National Football League worked with over 23 federal agencies under “Operation Team Player” at the Super Bowl XLVIII in 2015, and seized 326,147 counterfeit items worth over $20 million and made a total of 55 arrests. In 2016, they seized 450,000 fake sports related items with a value of over $39 million and arrested over 41 criminals. This year, so far, Super Bowl LI has netted a seizure of over 260,000 counterfeit sport related items with the value of over $20 million, which has led to 56 arrests and 50 convictions.

Most of the illegal sports related items were confiscated from the mall markets, retail outlets, and street vendors.

Items included:

  • jerseys,

  • hats,

  • wallets and bags,

  • jewelry,

  • cell phone accessories,

  • tickets and

  • other souvenir memorabilia.

Counterfeit stats

Markets and individuals caught selling items without proper trademarks face financial penalties from $2,000,000 to $5,000,000 and imprisoned for 10 to 20 years. According to Homeland Security statistics counterfeit merchandise is produced by professional large-scale producers, mobile middlemen, illegal street vendors and network of anonymous individuals.
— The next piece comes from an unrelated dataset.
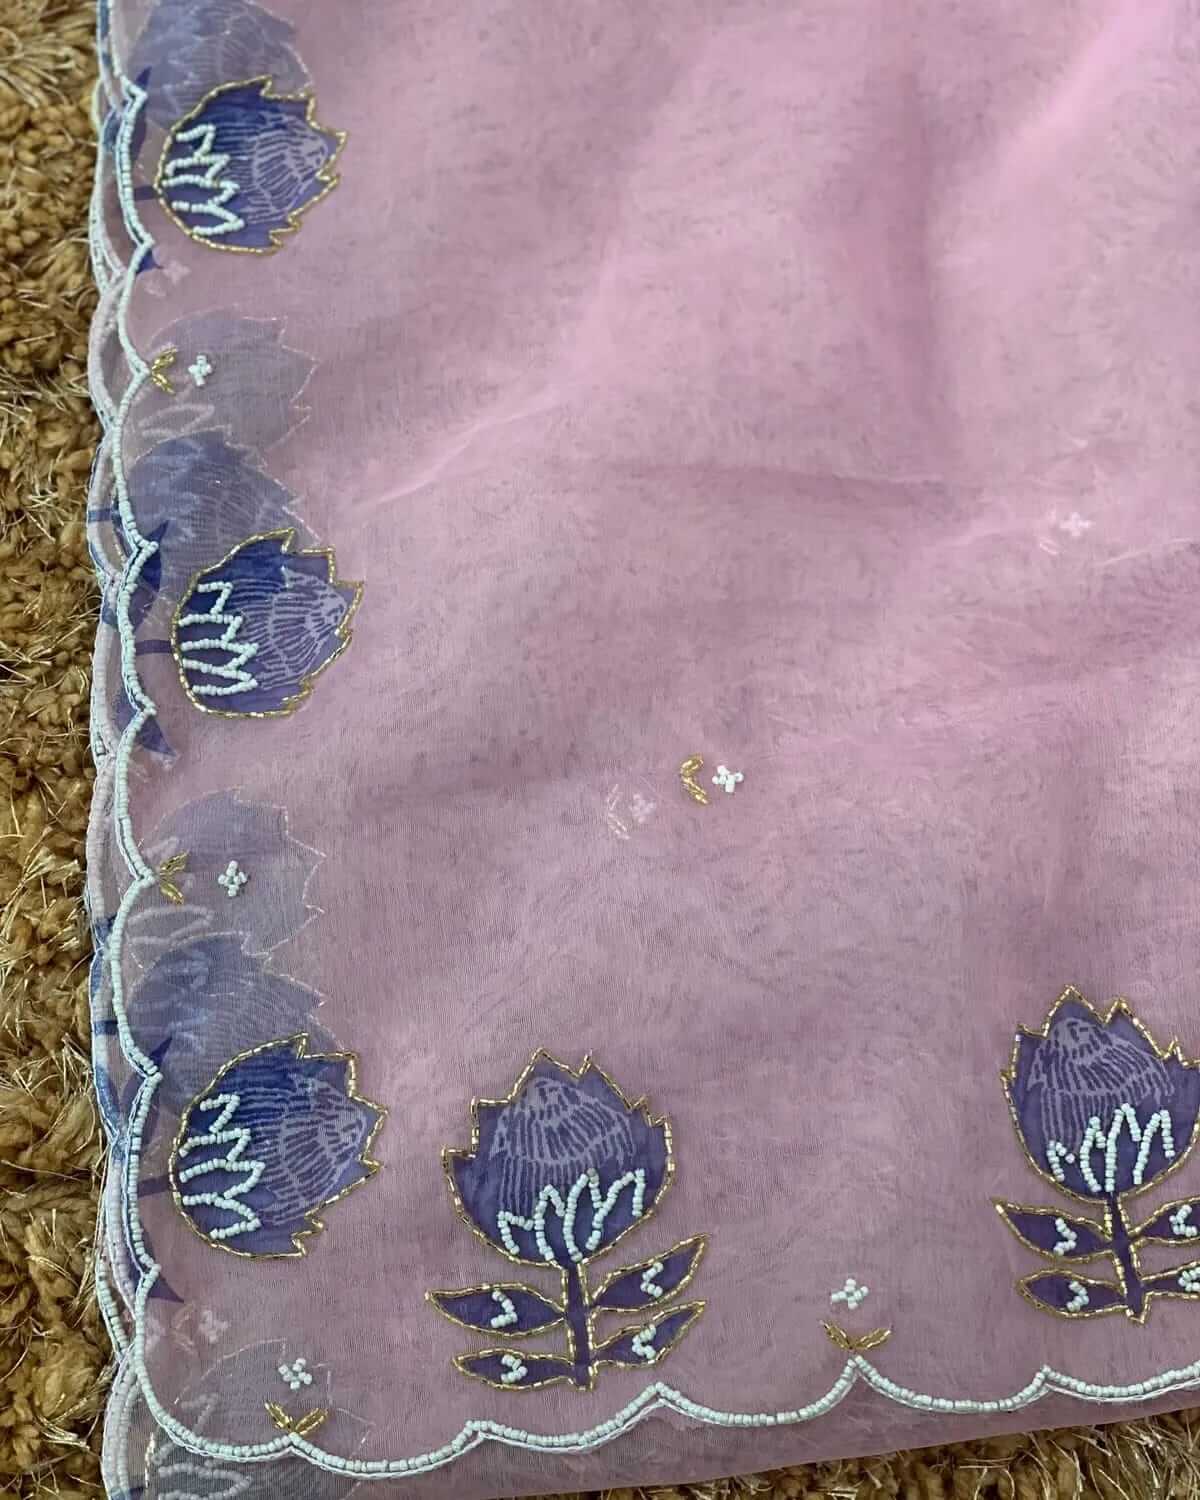 khatli work sari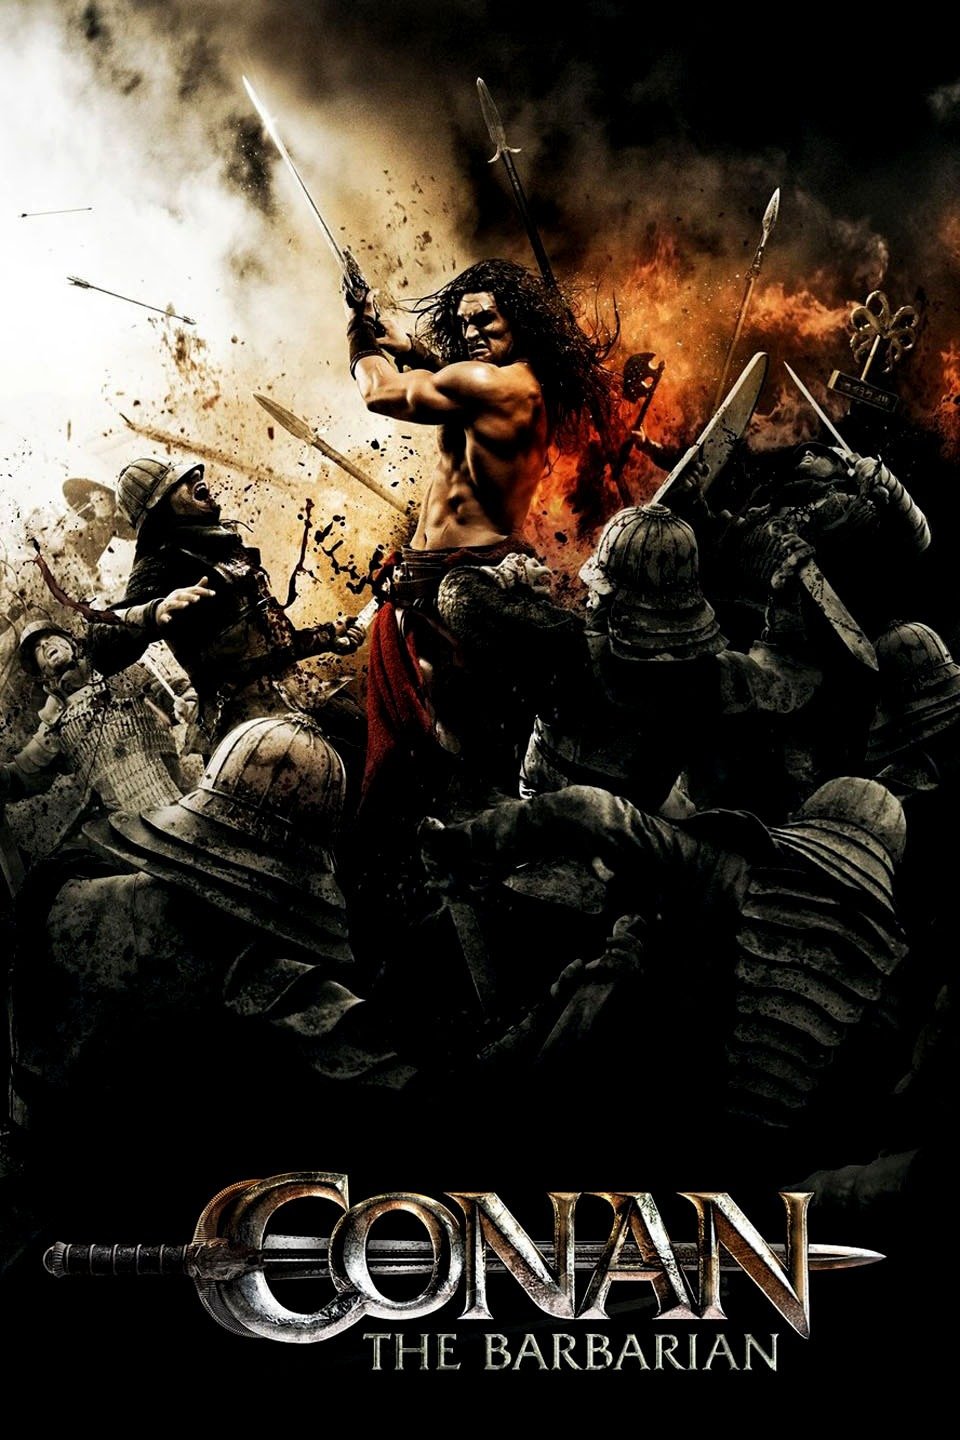 [MINI Super-HQ] Conan The Barbarian (2011) โคแนน นักรบเถื่อน [1080p] [พากย์ไทย 5.1 + เสียงอังกฤษ DTS] [บรรยายไทย + อังกฤษ] [เสียงไทย + ซับไทย] [OPENLOAD]

Counterfeit wearing apparel and accessories has been classified as the number one commodity based on the number of seizures.

China is the number one abuser (70%) of the trademark and copyright laws with Korea falling in second place at 25%.

David Hirschmann, president, and CEO of the U.S. Chamber of Commerce’s Global Intellectual Property Center stated that Super Bowl LI fans should be cautious when purchasing sport related merchandise; not only in store but also on the Internet, only buy from businesses you know when looking for official holographic marked Super Bowl related items.

Super Bowl buying tips

Better Business Bureau offers the following tips as a way to avoid counterfeit items:

  • Buy from businesses that have refund and guarantee policies.

  • Pay with credit cards and read any fine print.

  • Shop license vendors, check all tags, official item tags are usually sewn in,

  • Look for red flags, check for quality of fabrics.

Special Agent in Houston HSI, Mark Dawson commented that money made off of counterfeit goods help to supply monies for criminal activities like human trafficking, prostitution, drug smuggling and child labor.